7. Metro 1st St /Central Station Site
2023
1st Street and Central Avenue, Little Tokyo

Prior to 2014, this lot was home to the popular Señor Fish taco joint (formerly the site of '70s-'80s punk venue Atomic Cafe) and Weiland Brewery Restaurant (which opened replacement locations in Echo Park and Uptown Long Beach, respectively). Both buildings were demolished in  to make room for this new Metro subway station for the  Regional Connector project, a new subway under Downtown Los Angeles that will re-align three light rail lines into two and provide continuous, transfer-free service from Azusa to Long Beach and East Los Angeles to Santa Monica. Although Little Tokyo already has a Gold Line station just yards away, that will be demolished and the station replaced with a new underground facility where the current construction activity exists. It's rather fascinating, and it's one way Little Tokyo will more resemble Big Tokyo.  The businesses around the station have been impacted by construction, so make sure you support them, not only during CicLAvia but after!

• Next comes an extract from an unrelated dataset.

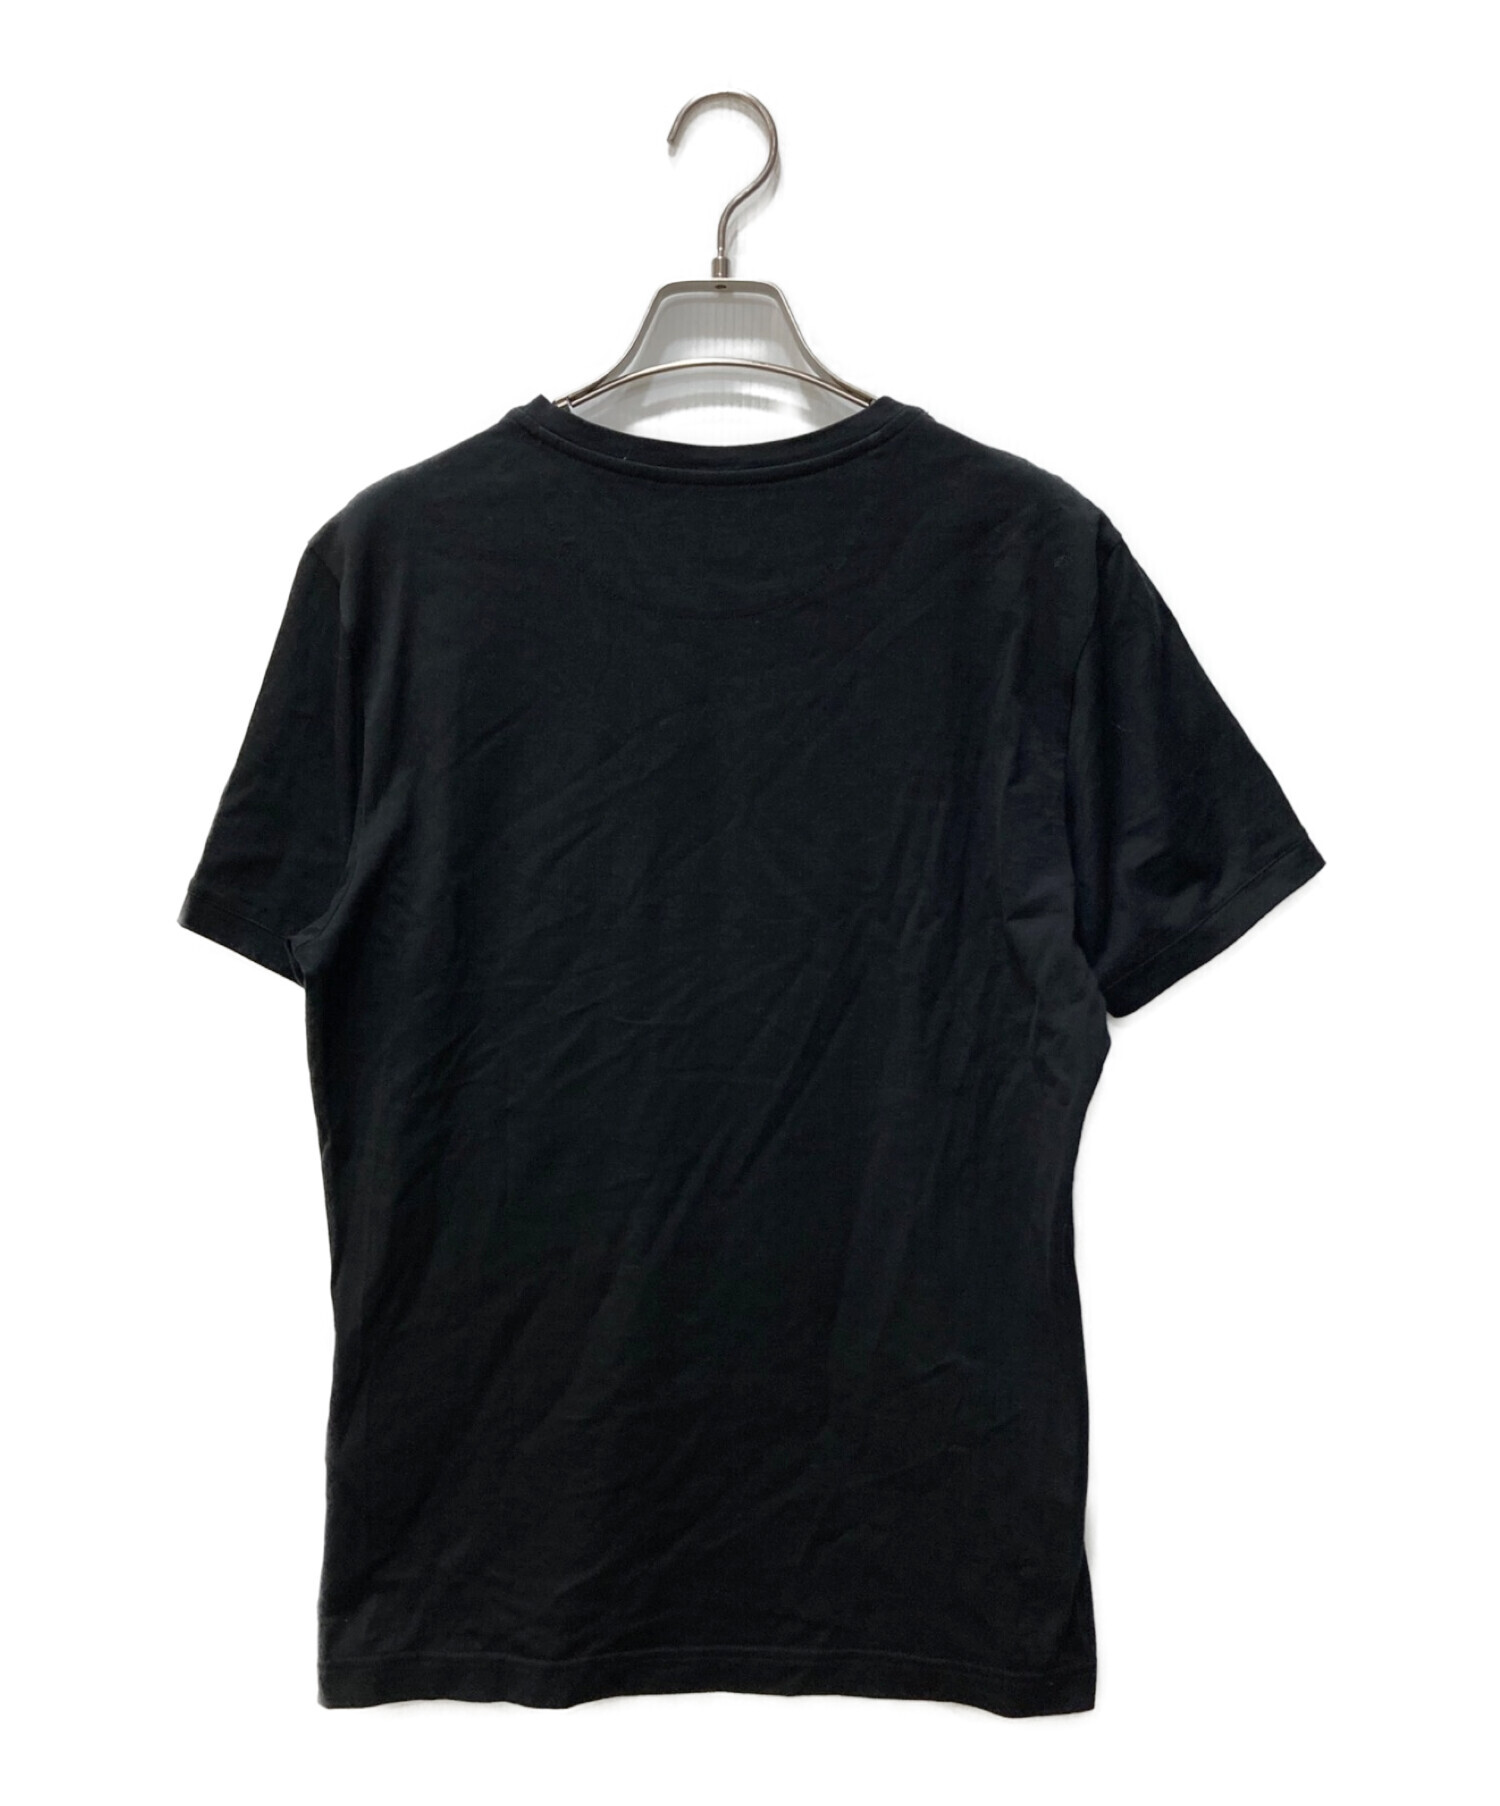 FENDI (フェンディ) モンスターバグスレザーパッチTシャツ ブラック サイズ:46

8. Site of Quaker Dairy, Original Little Tokyo Restaurant
1890
304 E. 1st St., Little Tokyo
On the southeast corner of 1st and San Pedro streets once stood the Quaker Dairy, a restaurant started on this site in 1890 by Sanshichi Akita, an immigrant from Japan. Though preceded five years earlier by another restaurant on First St (location unknown), this is the oldest traceable location of a Little Tokyo business. By the end of the 19th century, there were over 16 Japanese-owned restaurants in this stretch of 1st Street, creating what we know as Little Tokyo.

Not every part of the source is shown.